GCU took a 3-2 lead on senior
Freddie Grant's win, but Lang and Da Silva trailed 4-2 in the third sets of the remaining singles matches. Lang lost his match, but quickly joined his teammates in that two-minute span to support the end of Da Silva's match.
"We were fighting, both of us, like crazy," Da Silva said. "Screaming everywhere when we won points. I think I'm grateful for him. Because of him, I thought I could win my match too.
"I would say it's because of him that I won my match. When I was down, we were saying we want it more."
On championship point, Da Silva needed to get to a return that nipped the net and had dropped several feet in front of him.
"If you're not alert and fit at that stage of the match, you're not going to get there," Prudhomme said. "Jonathan earned the ability to go get the ball because of his never-quit-attitude. He kicked into gear, chipped it crosscourt to the guy's backhand and blanketed the net."

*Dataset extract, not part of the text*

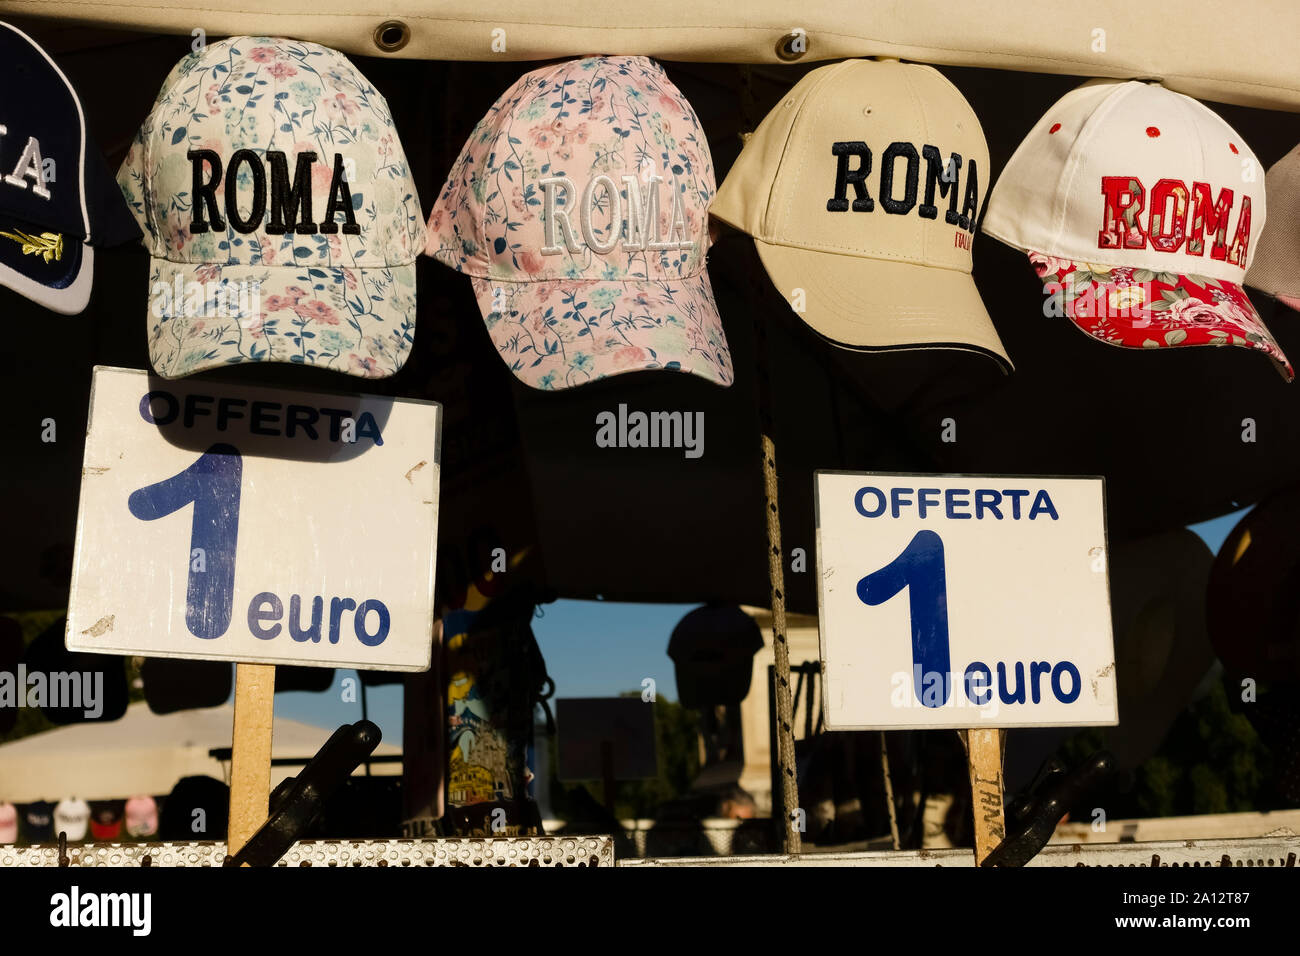 Touristeneinkäufe, Römische Hüte, römische italienische Souvenirs an einem Stand. Rom, Italien, Europa, EU. Stockfoto

The Aggies' volley went into the net, setting off a second GCU celebration on NMSU's courts. After losing five of the teams' first six meetings, the Lopes men have won five in a row against the Aggies.

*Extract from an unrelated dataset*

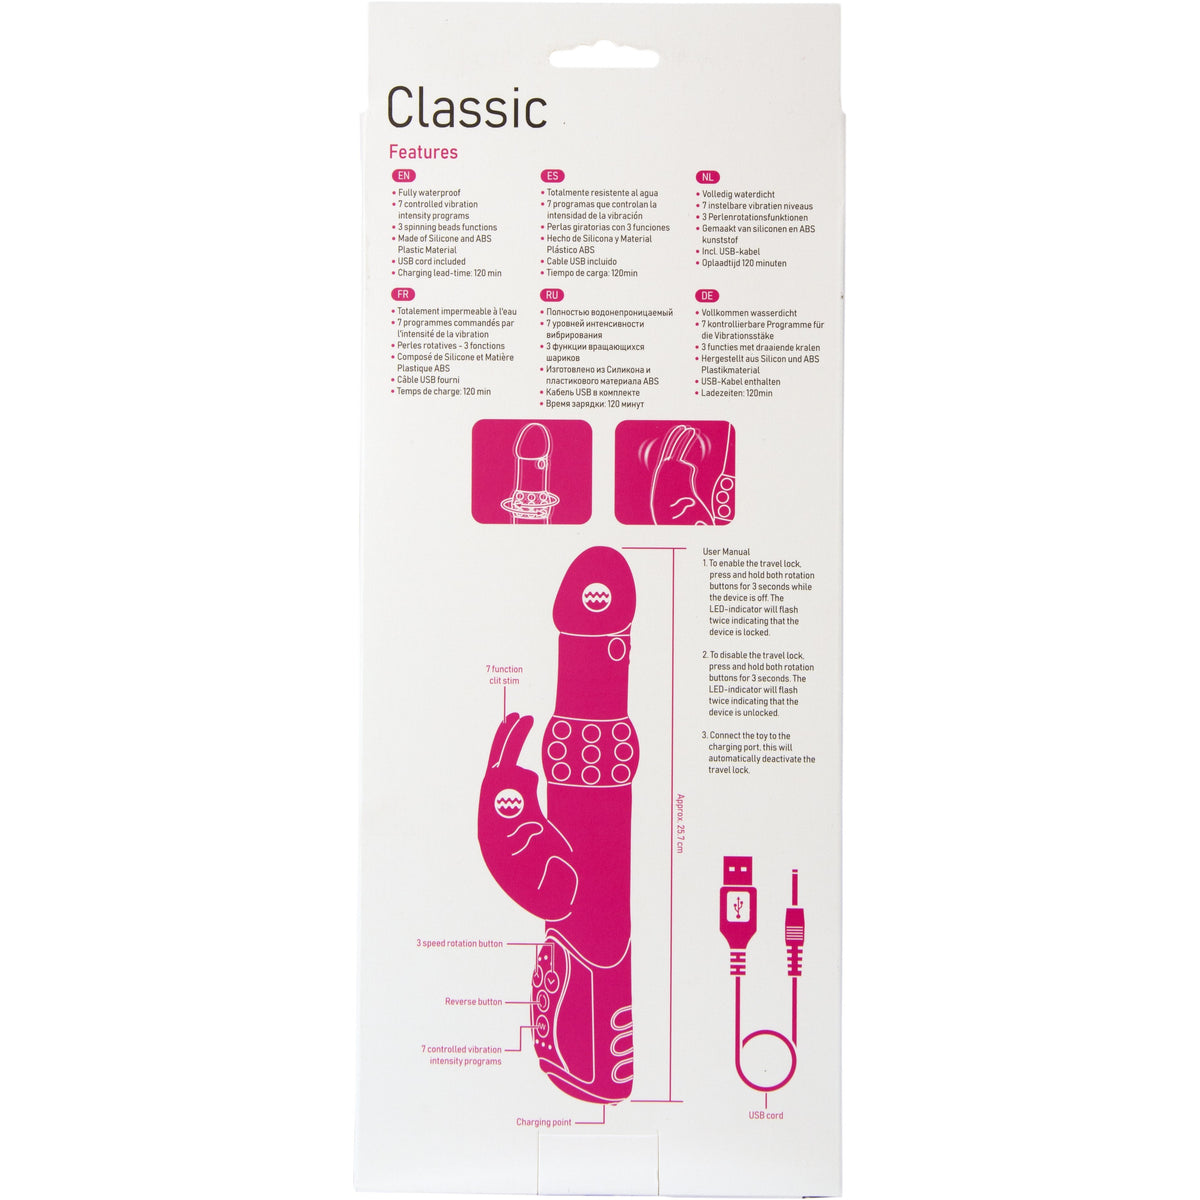 e.Rabbit Classic Rabbit Vibrator - Pink

Da Silva could not fully grasp that history as a freshman from Saint Barthelemy, France. He is just learning about collegiate team tennis, but he knew he had never felt so nervous in a tennis match as he did Sunday.
"I was shaking," Da Silva said. "It was really nervous. It was hard to manage it. I was losing 4-2, a break down in the third set. It was hard to fight, but I did it. It was not my best, but at the moment, it was the best I could do."
Prudhomme and eighth-year assistant coach
Amit Maharaj relished an experience that most college tennis coaches will never know. Winning two WAC Tournament titles in a day. Winning consecutive men's conference titles in tight, tense final matches.
"Sunday was too much for one coach to positively bear," Prudhomme said. "It was a great day."